CREATE INDEX lcas_trgm_gist_idx ON lcas USING gist (worksite_city, job_title gist_trgm_ops);

Consulta:

SELECT set_limit(0.6);  -- once per session

SELECT *
FROM   lca_test
WHERE  job_title % 'sales executive'
AND    worksite_city = 'los angeles' 
ORDER  BY (job_title <-> 'sales executive')
LIMIT  50;

<-> siendo el operador de "distancia":

uno menos el similarity()valor.

Postgres también puede combinar dos índices separados, un índice btree simple activado worksite_cityy un índice GiST separado activado job_title, pero el índice de varias columnas debería ser más rápido, si combina las dos columnas de esta manera en consultas regularmente.

Tu caso

Sin embargo, su consulta se ordena por salary, no por distancia / similitud, lo que cambia la naturaleza del juego por completo. Ahora podemos usar tanto el índice GIN como el GiST, y GIN será más rápido (aún más en Postgres 9.4, que ha mejorado en gran medida los índices GIN, ¡pista!)

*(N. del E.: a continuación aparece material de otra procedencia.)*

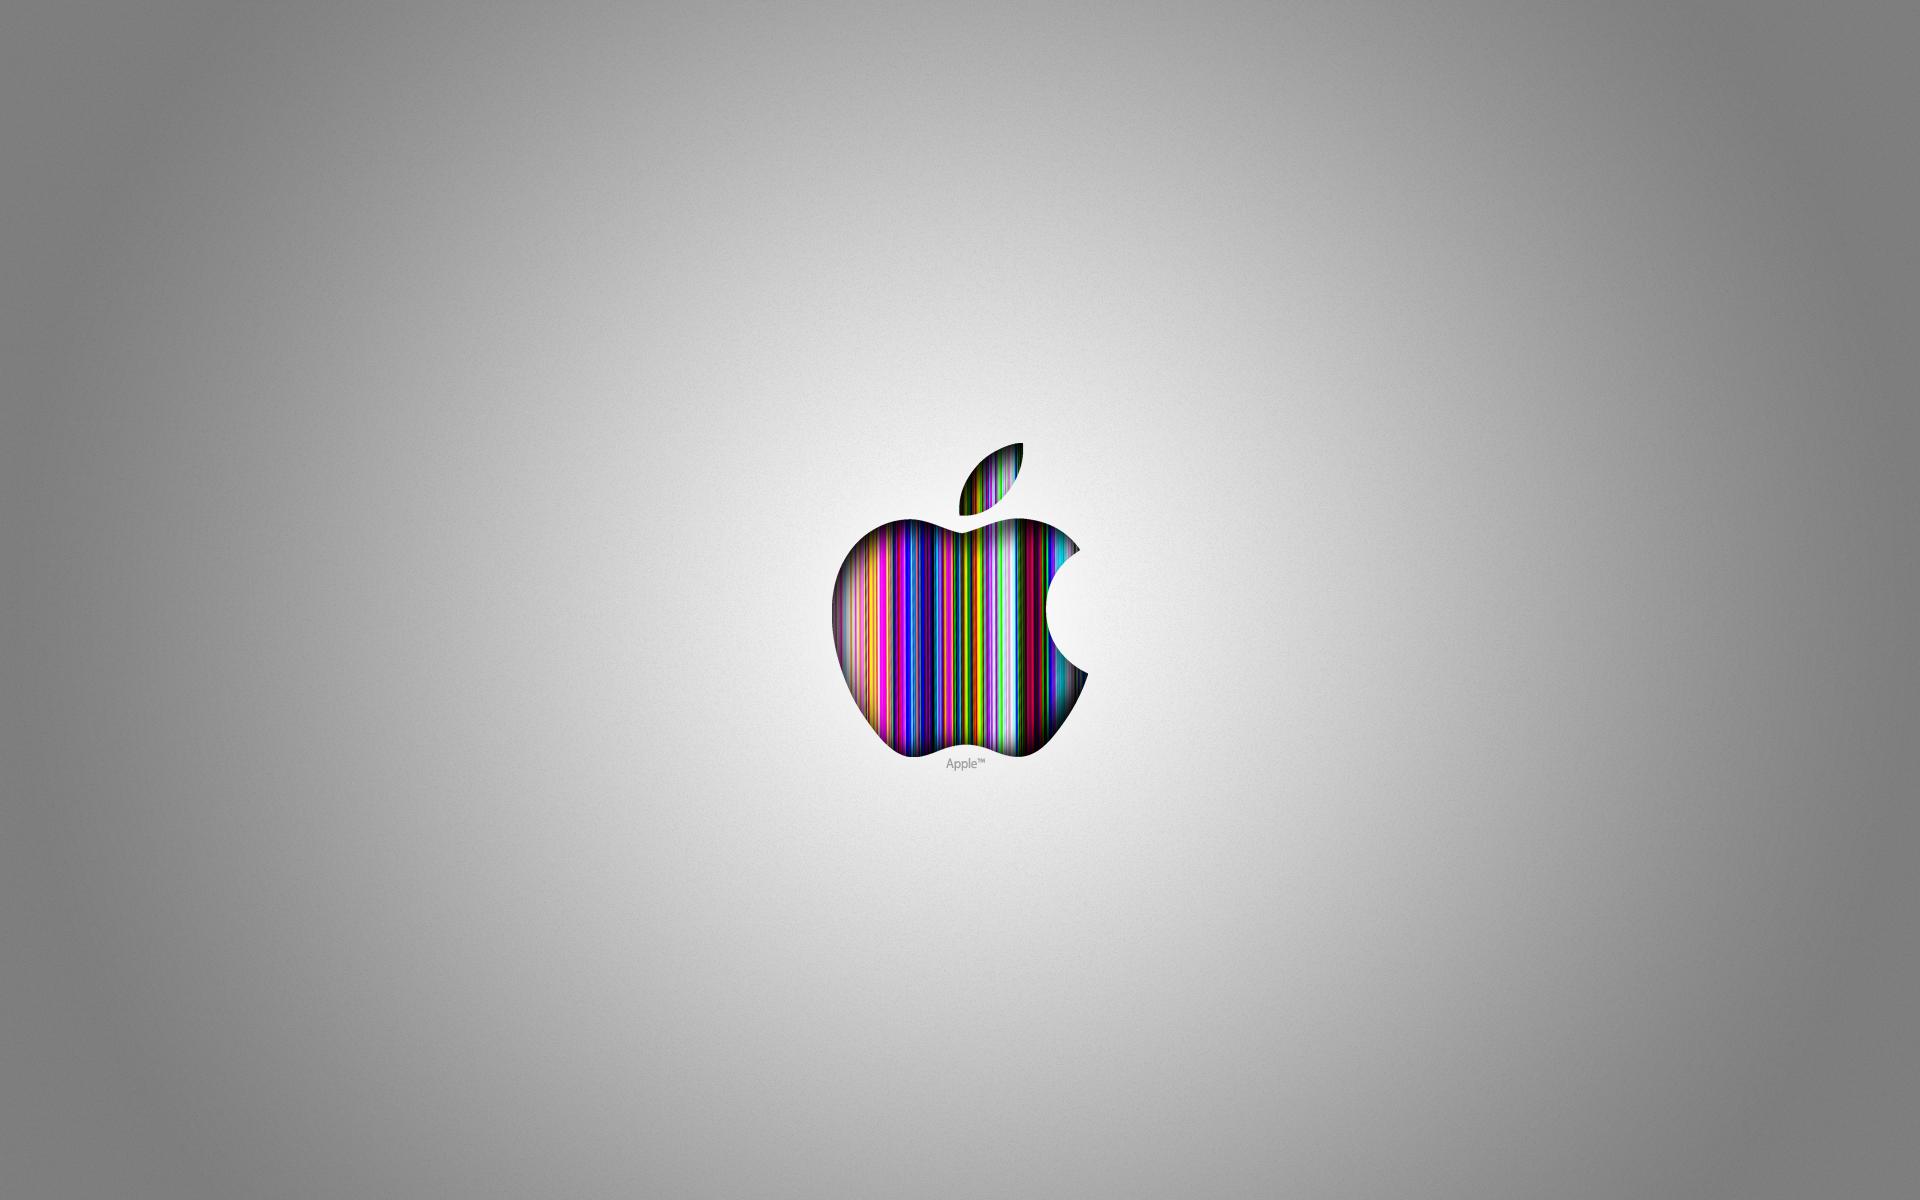 apple hd white wallpaper mac by cezarislt customization wallpaper mac 1920x1200

Historia similar para la verificación de igualdad adicional en worksite_city: instalar el módulo adicional btree_gin. Ejecutar (una vez por DB):

CREATE EXTENSION btree_gin;

Entonces:

CREATE INDEX lcas_trgm_gin_idx ON lcas USING gin (worksite_city, job_title gin_trgm_ops);

Consulta:

SELECT set_limit(0.6);  -- once per session

SELECT *
FROM   lca_test
WHERE  job_title % 'sales executive'
AND    worksite_city = 'los angeles' 
ORDER  BY salary 
LIMIT  50 -- OFFSET 0

Nuevamente, esto también debería funcionar (menos eficientemente) con el índice más simple que ya tiene ( "index_lcas_job_title_trigram"), posiblemente en combinación con otros índices. La mejor solución depende de la imagen completa.

Aparte

  • Tienes muchos índices. ¿Está seguro de que todos están en uso y pagan su costo de mantenimiento?

  • Tienes algunos tipos de datos dudosos:

    employement_start_date | character varying
    employement_end_date   | character varying

    Parece que esos deberían ser date. Etc.

Respuestas relacionadas:


"index_lcas_job_title_trigram" gin (job_title gin_trgm_ops)he leído en alguna parte que la ginebra es más rápida que la esencia. ¿Es eso cierto?
bl0b

1
@ bl0b, gin no es compatible similarityen absoluto, por lo que para ese propósito no es más rápido.
jjanes

@ bl0b: Si bien jjanes tiene razón (y esa fue también mi primera idea), su caso es diferente y, después de todo, puede usar un índice GIN. Agregué mucho más.
Erwin Brandstetter

@ErwinBrandstetter muchas gracias por la respuesta! Pregunta rápida: Dices que GIN es más rápido y que debería instalar btree_gin. Pero luego, en la creación del índice, le dice que ejecute: ¿ CREATE INDEX lcas_trgm_gin_idx ON lcas USING gist (worksite_city, job_title gist_trgm_ops);Solo un error tipográfico?
bl0b

1
@ErwinBrandstetter Pasó de 30 a 6 segundos. Grandes mejoras! ¡Muchas gracias!
bl0b
Al usar nuestro sitio, usted reconoce que ha leído y comprende nuestra Política de Cookies y Política de Privacidad.
Licensed under cc by-sa 3.0 with attribution required.